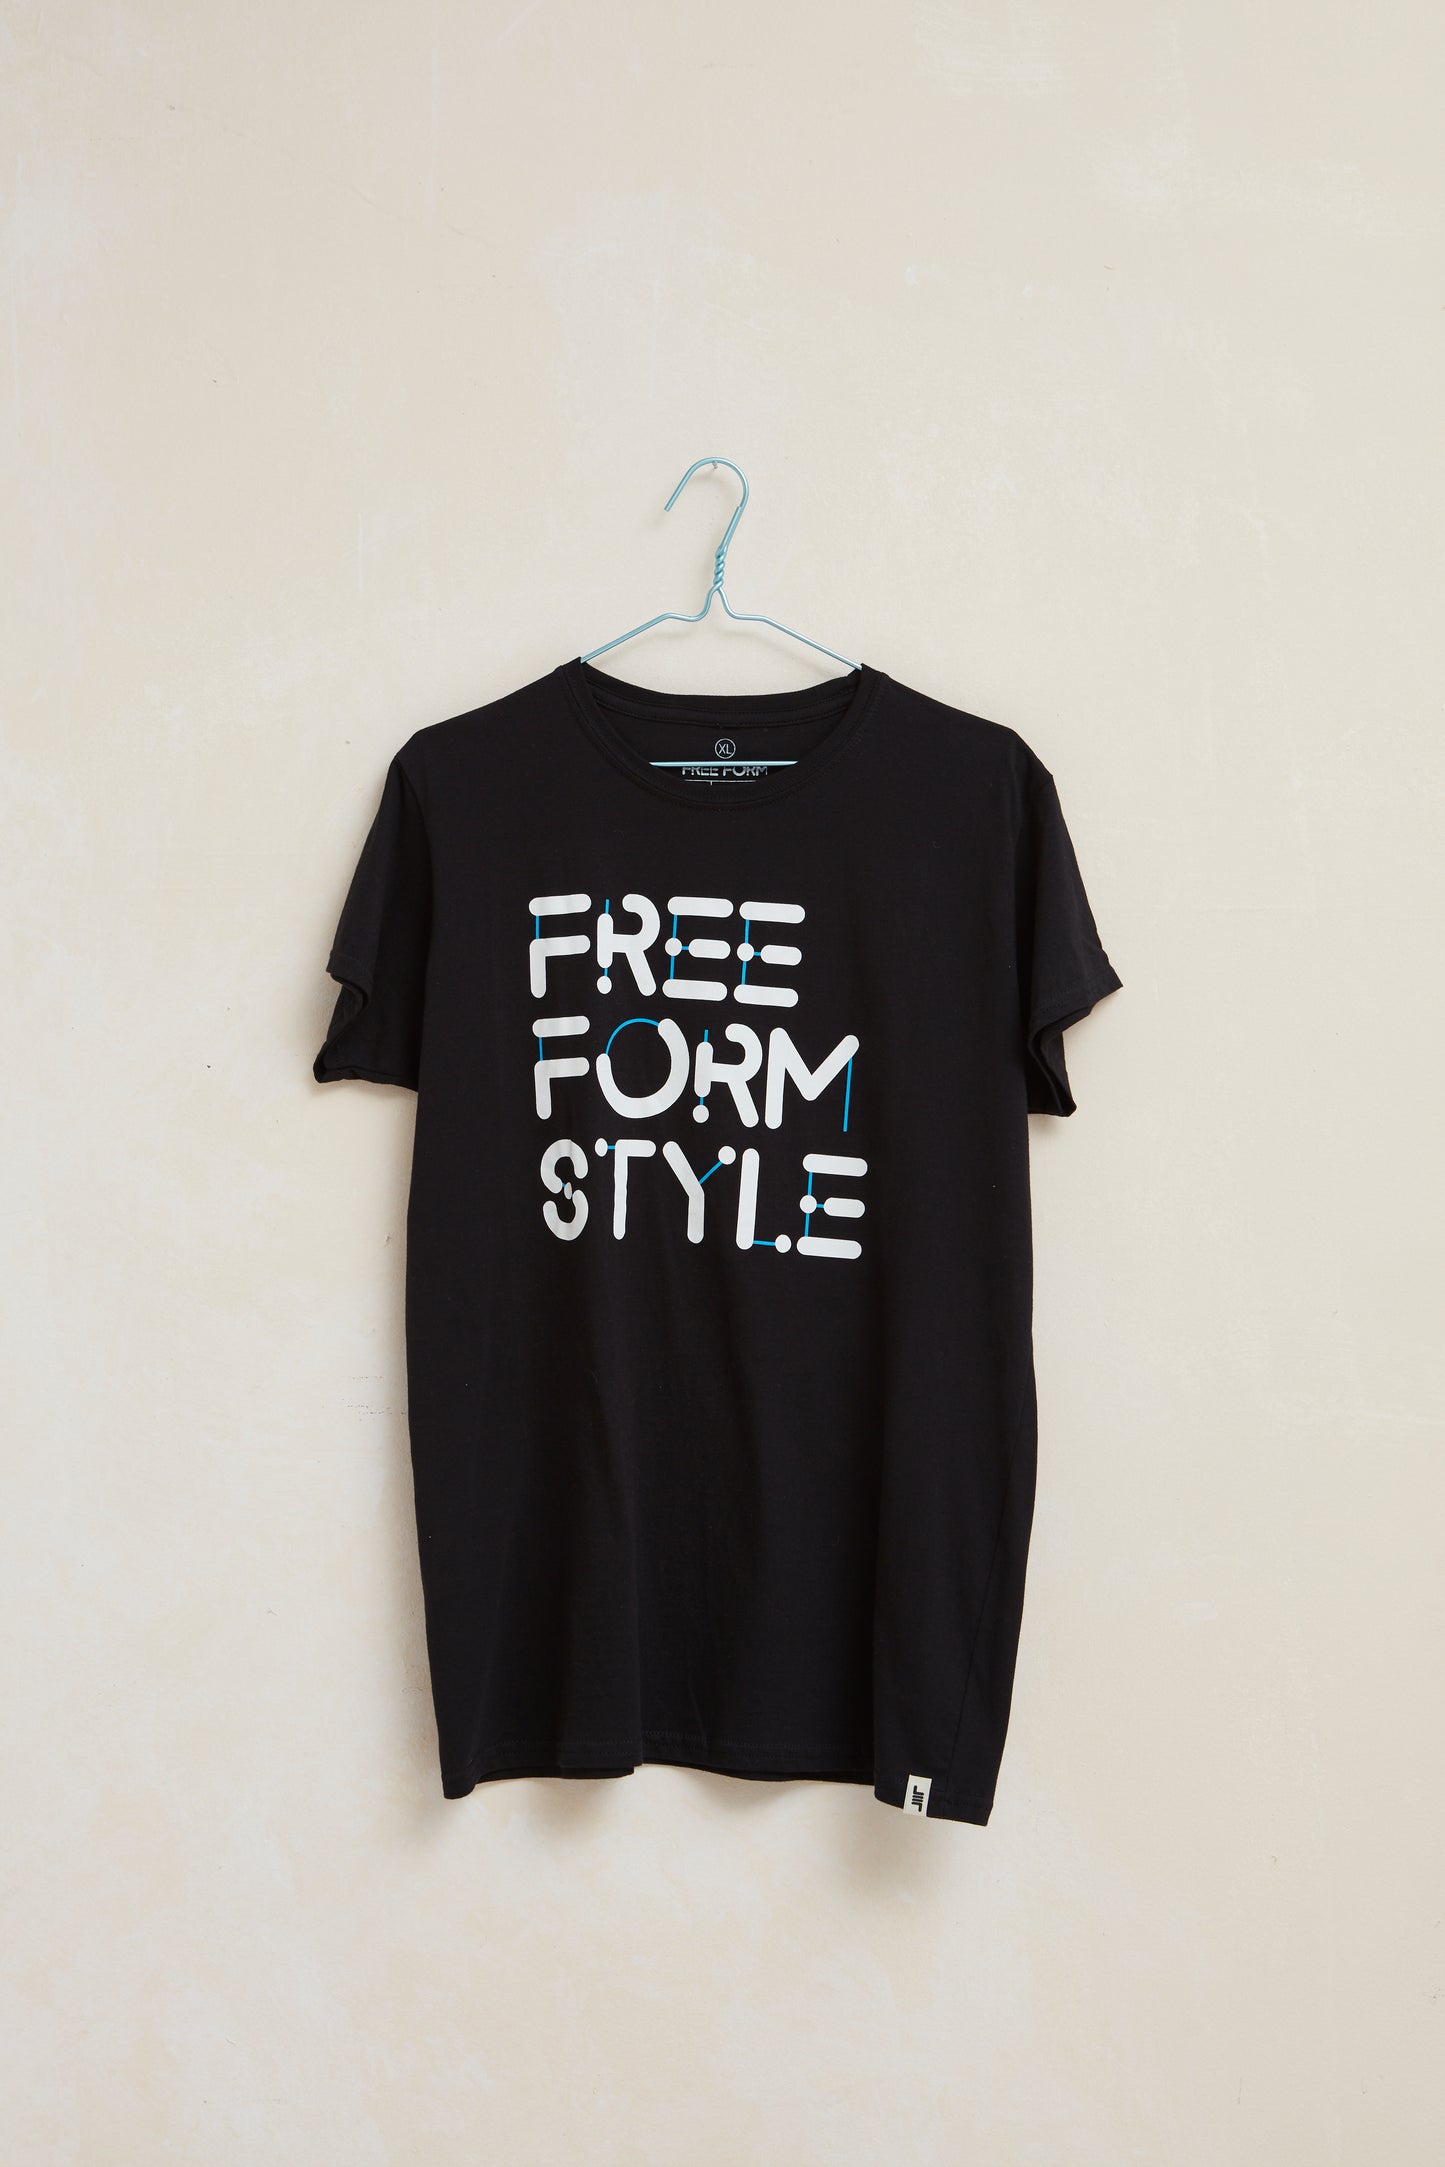 Camiseta mujer FREE FORM STYLE Black Edition
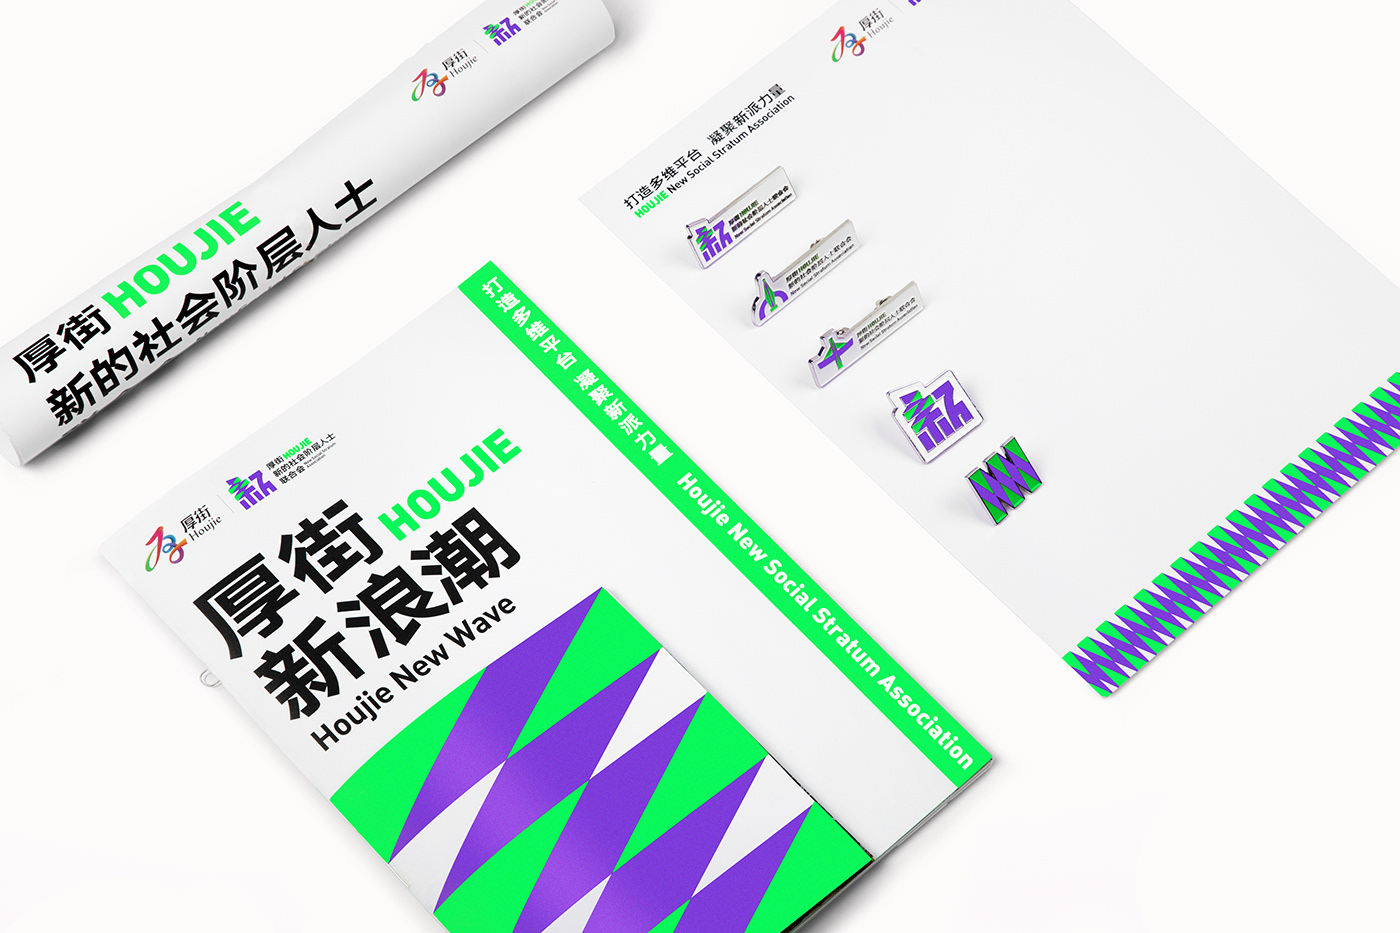 dongguan xiexie design Printing Guidance visual identity design
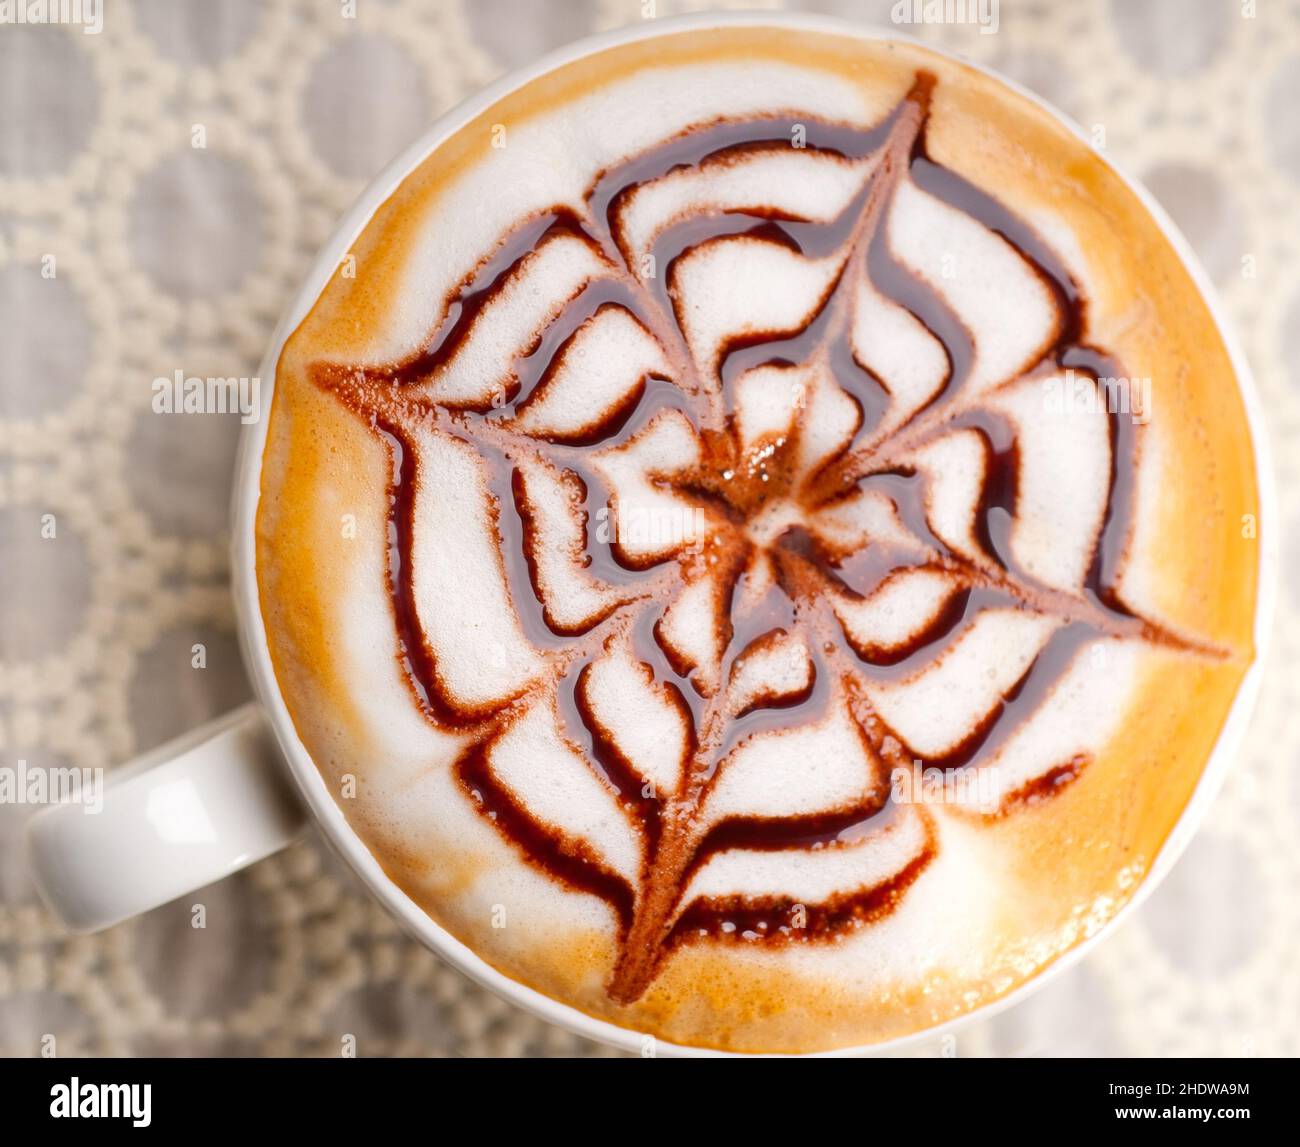 milk foam, cappuccino, latte art, milk foams, cappuccinos, cappucino, coffee Stock Photo
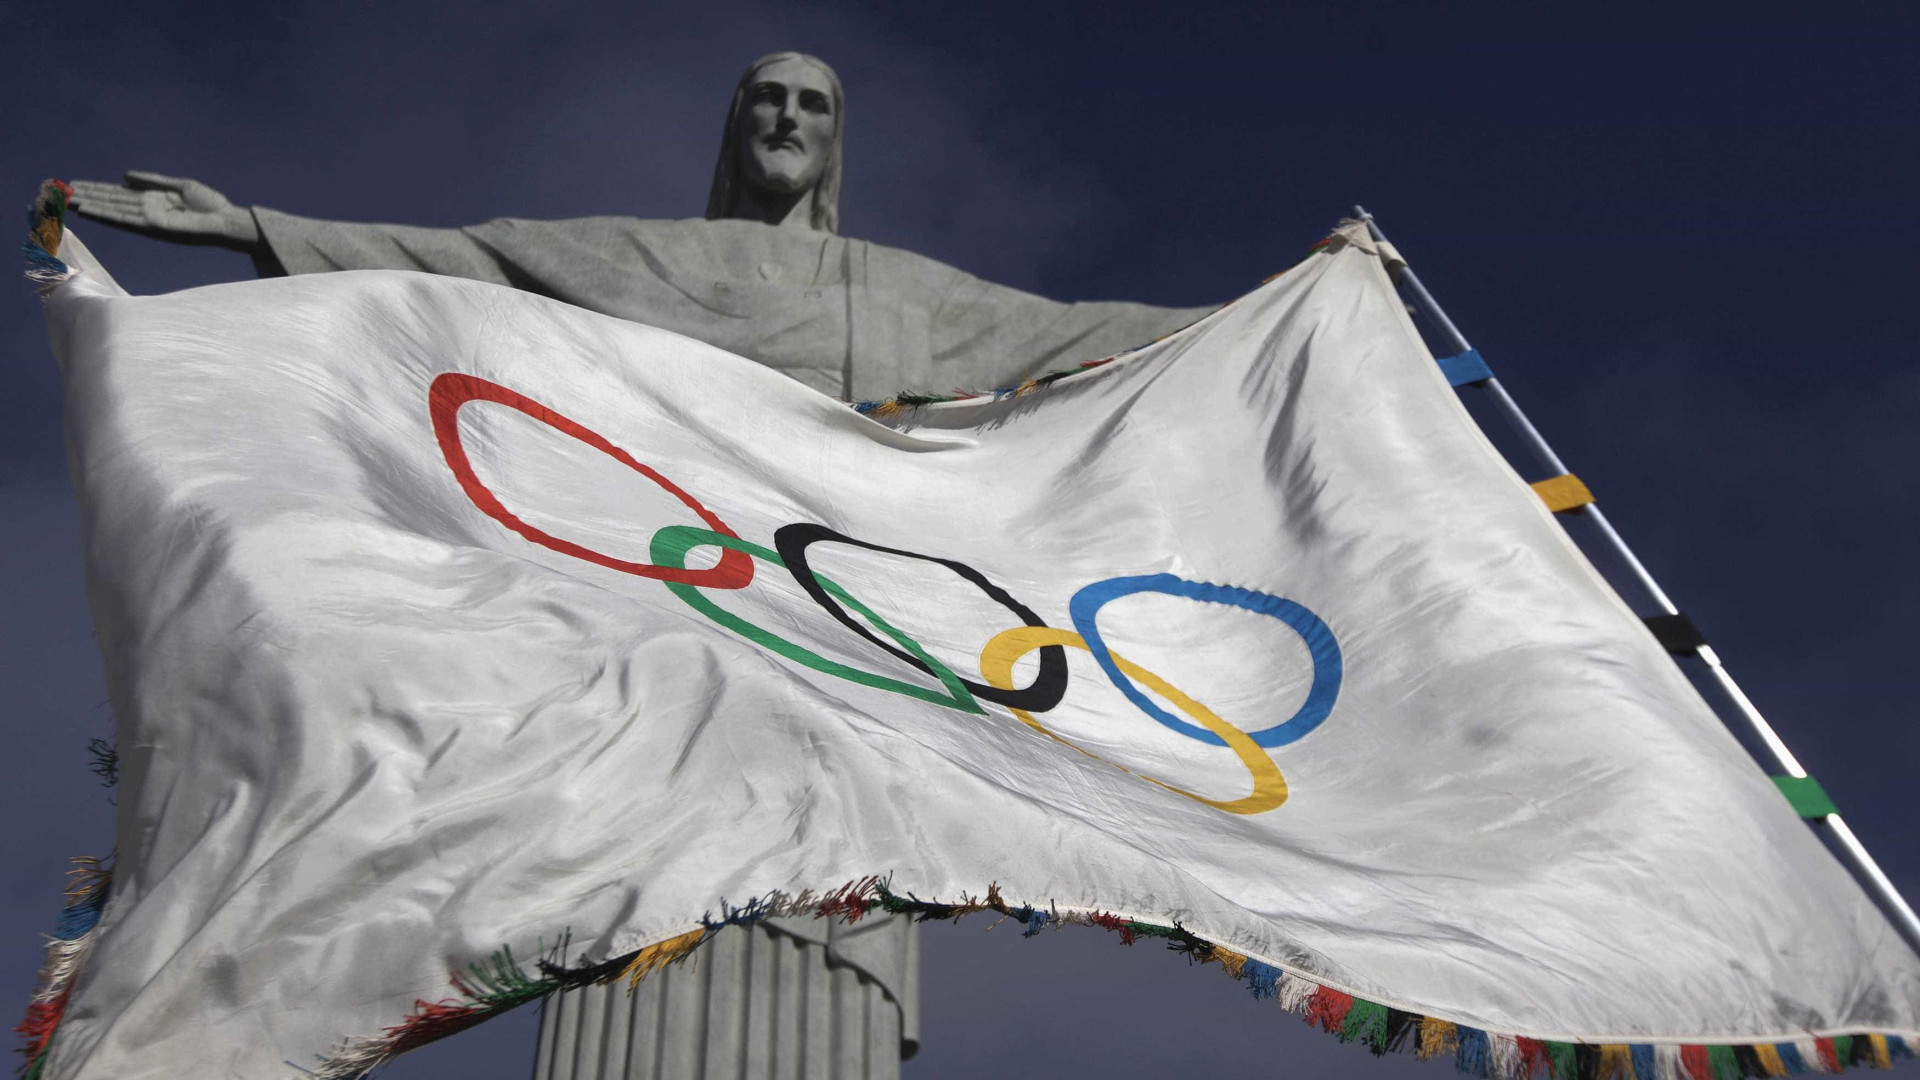 Tocha passará por 300 cidades até chegar ao Rio de Janeiro

Instructions for the task: Repeat every line of the data above exactly, but drop the pictures.

Reply to the task:
 Camiseta mujer FREE FORM STYLE Black Edition
 dongguan xiexie design Printing Guidance visual identity design
 milk foam, cappuccino, latte art, milk foams, cappuccinos, cappucino, coffee Stock Photo
 Tocha passará por 300 cidades até chegar ao Rio de Janeiro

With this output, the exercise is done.